The ODPS export creates a JSON file that can be:

  • Imported into data catalogs (Collibra, Alation, DataHub)
  • Shared with data mesh platforms
  • Used for governance and compliance reporting
  • Published to data marketplaces

Export to ODCS (Open Data Contract Standard)

The Open Data Contract Standard from Bitol.io provides data contract specifications with quality and SLA definitions.

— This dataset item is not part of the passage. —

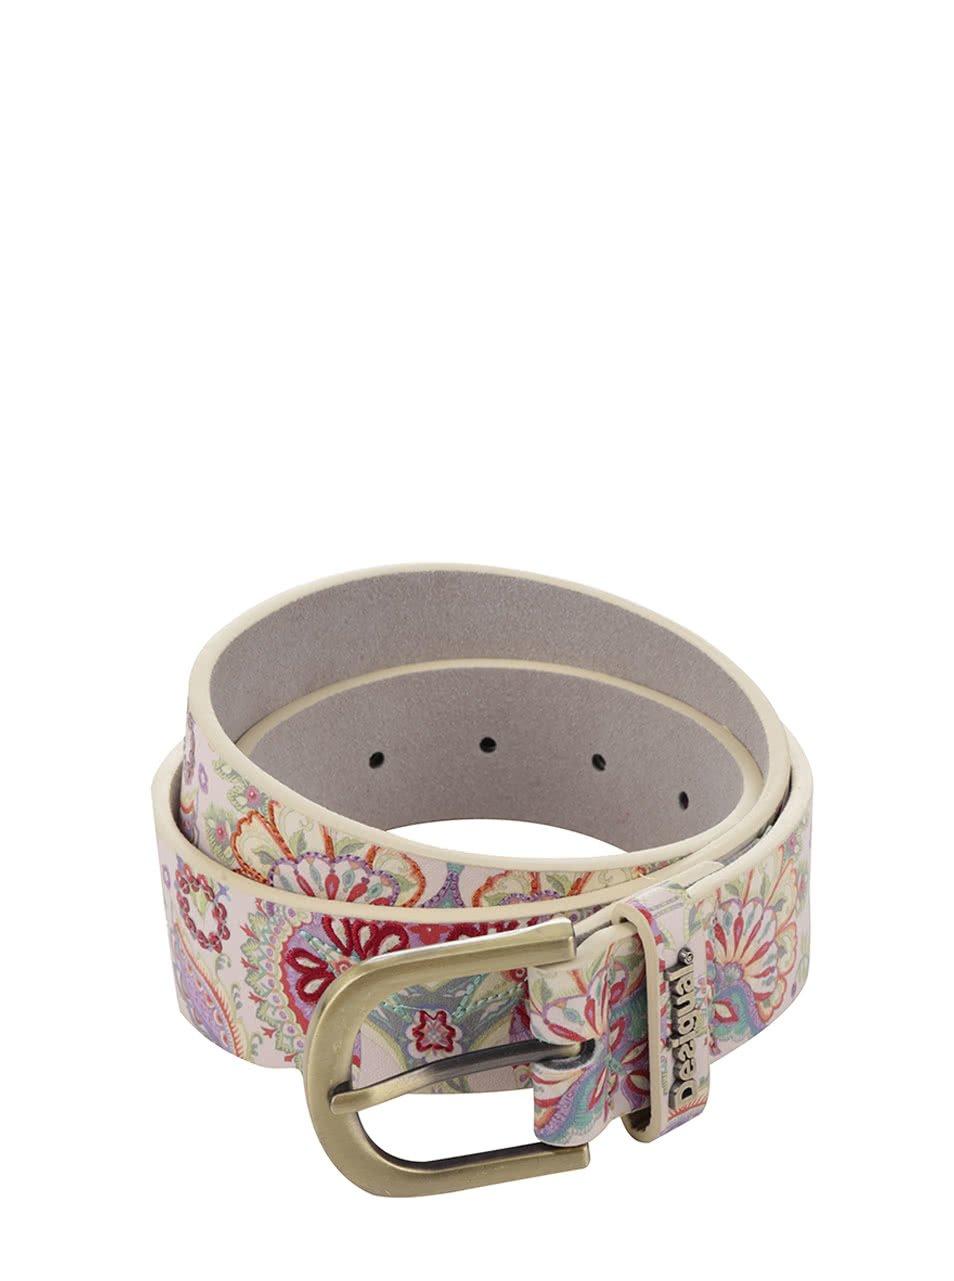 Béžový pásek s barevným vzorem Desigual Valkiri

# Export to ODCS v3.1 format
fluid odcs export contract.fluid.yaml --out bitcoin-tracker.odcs.yaml

# Expected output:
# Converting FLUID contract to ODCS v3.1.0
# Exported ODCS contract: bitcoin-tracker.odcs.yaml
# ✓ Exported to bitcoin-tracker.odcs.yaml

The ODCS export creates a YAML file optimized for:

  • Data contract management
  • Schema evolution tracking
  • Quality assertions and SLAs
  • Integration with dbt and data observability tools

Validate Exported Files

# Validate ODPS export
fluid odps validate bitcoin-tracker.odps.json

# Validate ODCS export  
fluid odcs validate bitcoin-tracker.odcs.yaml

Why Export to Open Standards?

Portability: Move between platforms without vendor lock-in
Interoperability: Integrate with existing data governance tools
Compliance: Meet industry standards for data documentation
Collaboration: Share data product definitions across organizations

Compare Formats

FeatureFLUID (Native)ODPSODCS
PurposeDeployment automationProduct catalogData contracts
FormatYAMLJSONYAML
Version0.7.14.13.1.0
Best ForInfrastructure-as-CodeData marketplacesQuality & SLAs
GovernanceBuilt-inProduct-focusedContract-focused
AdoptionFluid ForgeLinux FoundationBitol.io ecosystem
View Sample ODPS Output
{
  "opds_version": "1.0",
  "generator": "fluid-forge-opds-provider",
  "target_platform": "generic",
  "artifacts": {
    "schema": "https://github.com/Open-Data-Product-Initiative/v4.1",
    "version": "4.1",
    "product": {
      "details": {
        "en": {
          "name": "bitcoin-prices-gcp",
          "productID": "crypto.bitcoin_prices_gcp",
          "type": "dataset",
          "description": "Bitcoin price tracking data product"
        }
      },
      "dataAccess": [
        {
          "name": {"en": "bitcoin_prices_table"},
          "outputPortType": "API",
          "format": "JSON"
        }
      ]
    }
  }
}

Step 10: Set Up Scheduled Ingestion

Create an hourly cron job to ingest Bitcoin prices:

Option 1: Using Cloud Scheduler + Cloud Functions

Create main.py for Cloud Function:

import functions_framework
from ingest_bitcoin_prices import fetch_bitcoin_price, insert_to_bigquery
import os

@functions_framework.http
def main(request):
    """HTTP Cloud Function for Bitcoin price ingestion"""
    project_id = os.getenv("GCP_PROJECT_ID", "fluid-crypto-tracker")
    
    try:
        # Fetch and insert price data
        price_data = fetch_bitcoin_price()
        insert_to_bigquery(price_data, project_id)

        
        return {
            "status": "success",
            "price_usd": price_data["price_usd"],
            "timestamp": price_data["price_timestamp"]
        }, 200
    except Exception as e:
        return {"status": "error", "message": str(e)}, 500

Deploy:

# Deploy Cloud Function
gcloud functions deploy bitcoin-price-ingestion \
  --runtime python310 \
  --trigger-http \
  --entry-point main \
  --source . \
  --set-env-vars GCP_PROJECT_ID=fluid-crypto-tracker \
  --region us-central1 \
  --allow-unauthenticated

# Create Cloud Scheduler job (runs hourly)
gcloud scheduler jobs create http bitcoin-hourly-ingest \
  --schedule="0 * * * *" \
  --uri="https://us-central1-fluid-crypto-tracker.cloudfunctions.net/bitcoin-price-ingestion" \
  --http-method=GET \
  --location=us-central1

echo "✅ Scheduled hourly Bitcoin price ingestion"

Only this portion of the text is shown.